In John 18, Jesus is brought before Annas, whose palace was closer.[14] Annas questioned him regarding his disciples and teaching and sent him on to Caiaphas.

Caiaphas considers, with "the Chief Priests and Pharisees", what to do about Jesus, whose influence was spreading. They worry that if they "let him go on like this, everyone will believe in him, and the Romans will come and destroy both our holy place and our nation." Caiaphas makes a political calculation, suggesting that it would be better for "one man" (Jesus) to die than for "the whole nation" to be destroyed. In this Caiaphas is stating a rabbinic quotation (Gen. R. 94:9).[15]

Afterward, Jesus is taken to Pontius Pilate, the Roman governor of Judea. Pilate tells the priests to judge Jesus themselves, to which they respond they lack authority to do so. Pilate questions Jesus, after which he states, "I find no basis for a charge against him." Pilate then offers the gathered crowd the choice of one prisoner to release — said to be a Passover tradition — and they choose a criminal named Barabbas instead of Jesus.

Matthew: trial of Jesus In the Gospel of Matthew 26:57-67, Caiaphas and others of the Sanhedrin are depicted interrogating Jesus.

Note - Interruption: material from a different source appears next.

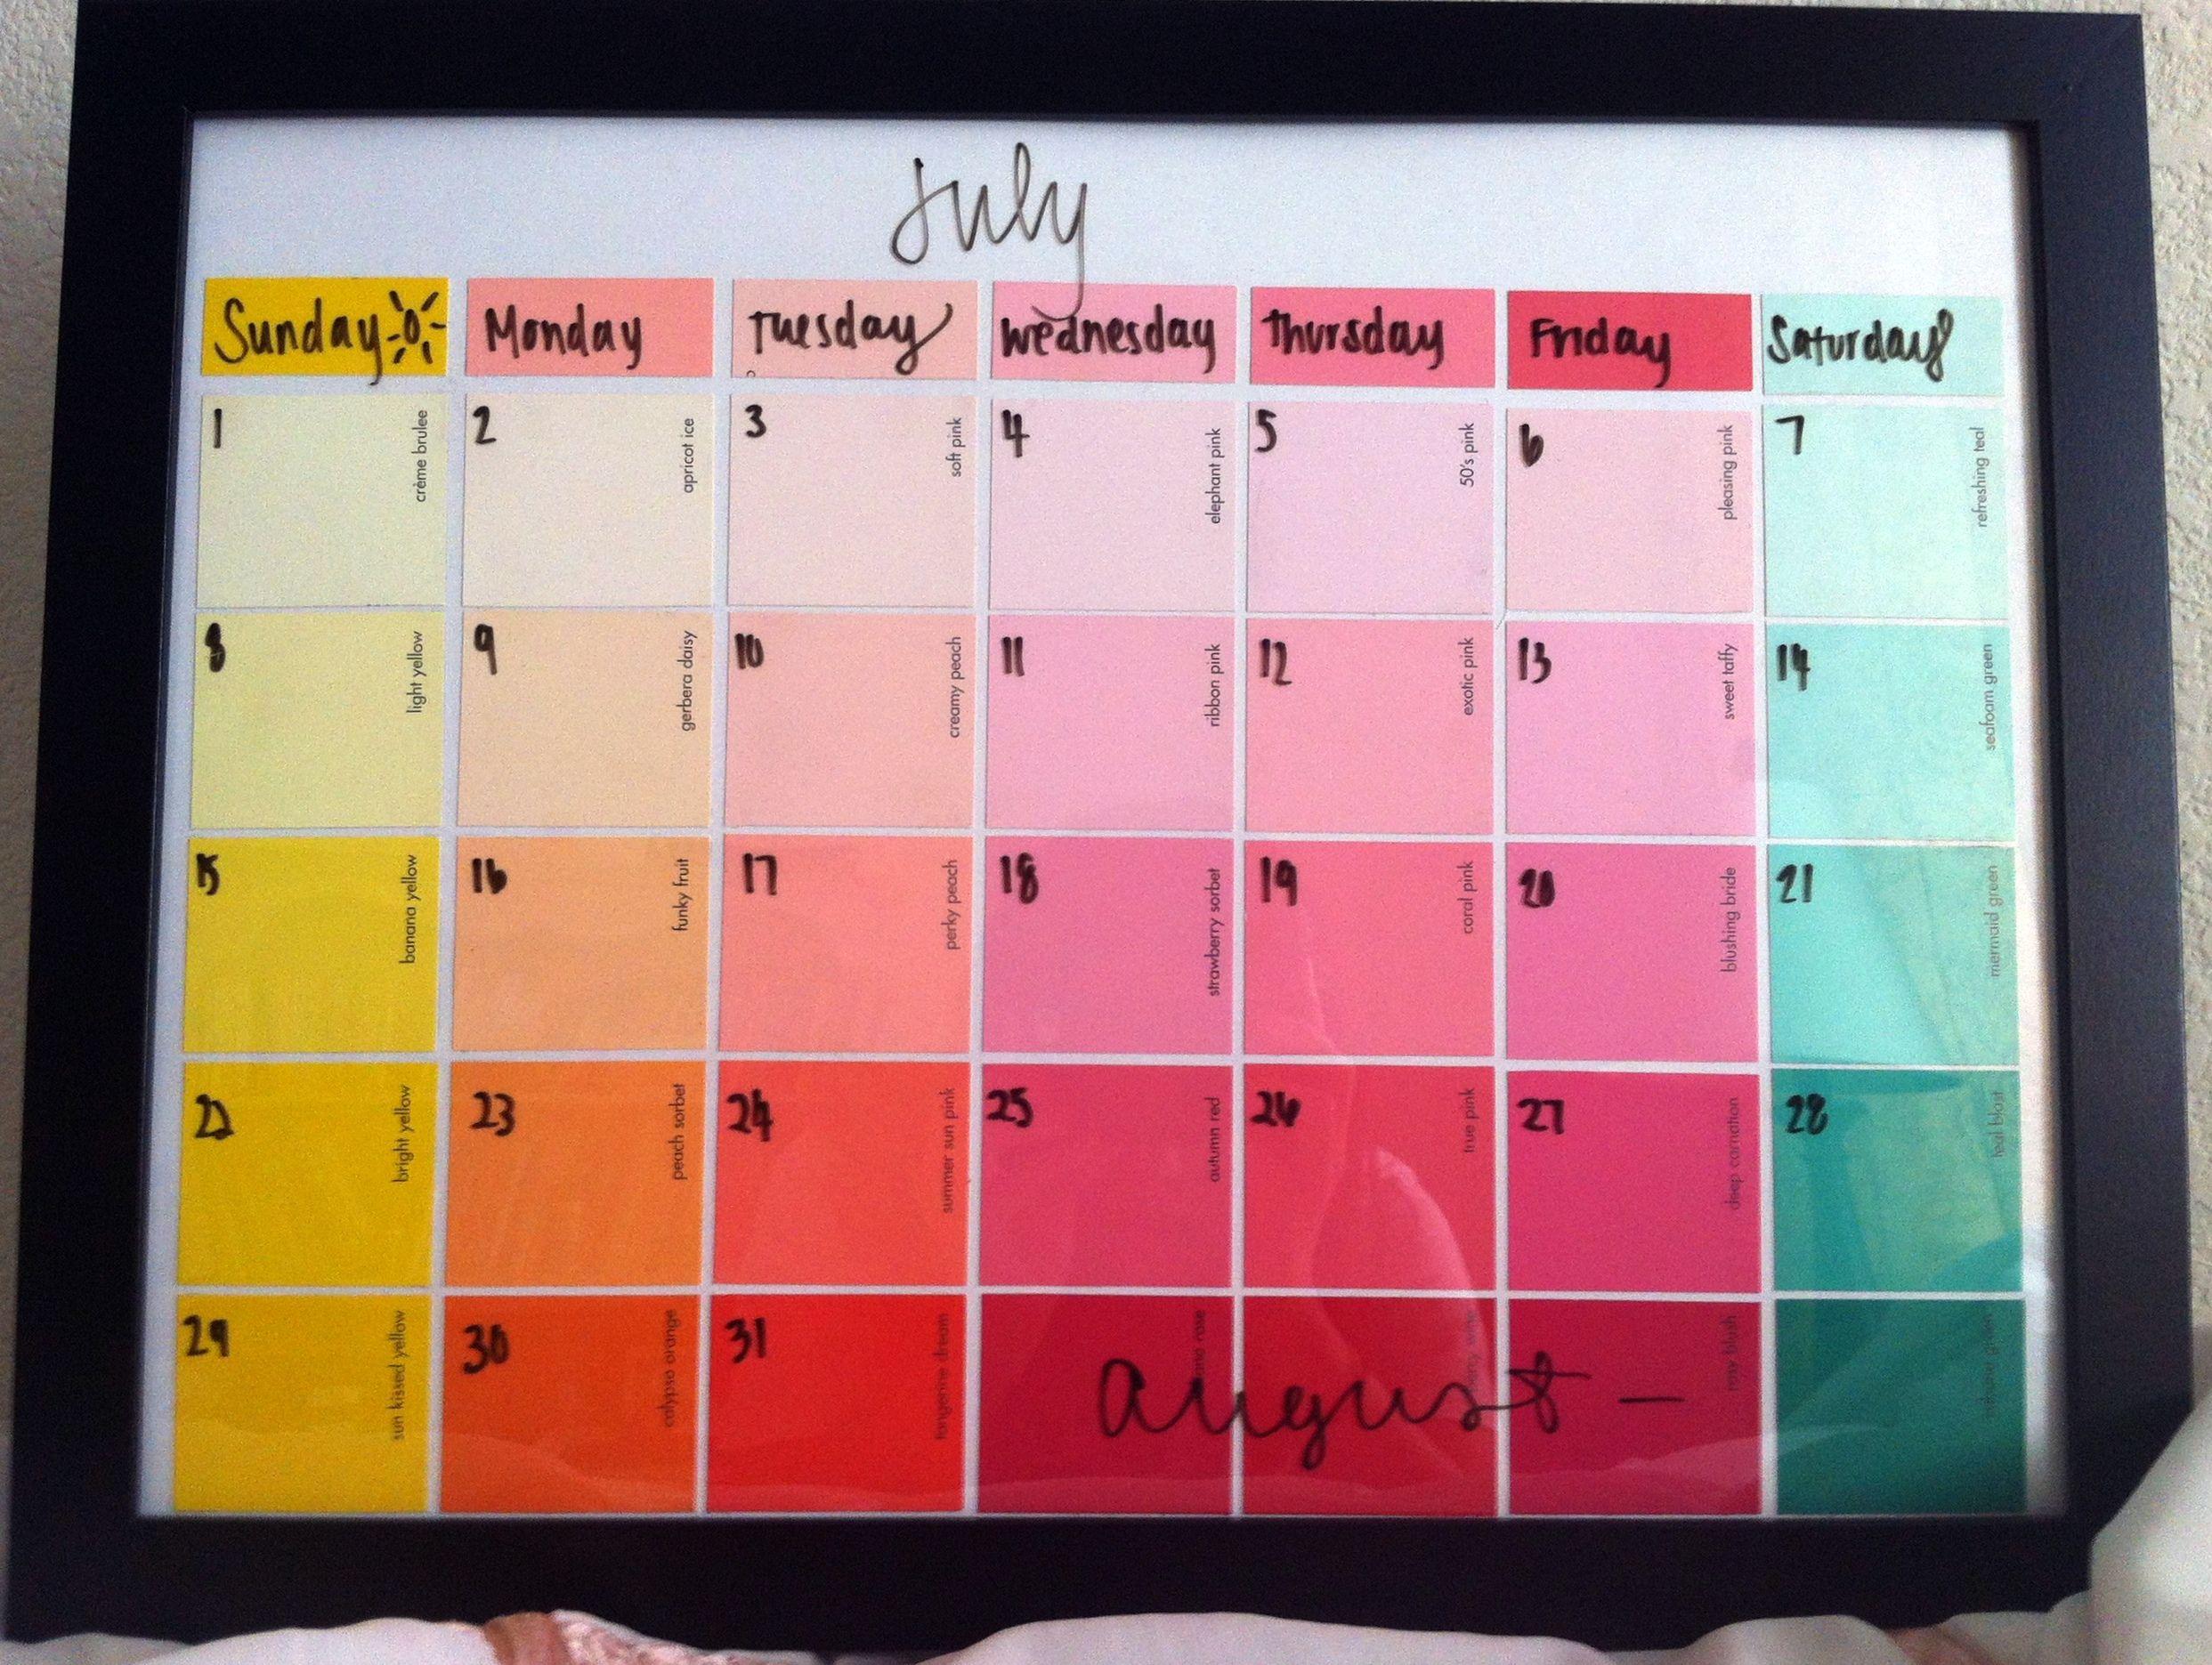 Paint sample calendar... Paint samples, glass, wet erase marker.  Great idea!

They are looking for false evidence with which to frame Jesus, but are unable to find any. Jesus remains silent throughout the proceedings until Caiaphas demands that Jesus say whether he is the Christ. Jesus replies "I am: and you will see the Son of Man seated at the right hand of power, and coming on the clouds of heaven." Mk 14:62 Caiaphas and the other men charge him with blasphemy and order him beaten.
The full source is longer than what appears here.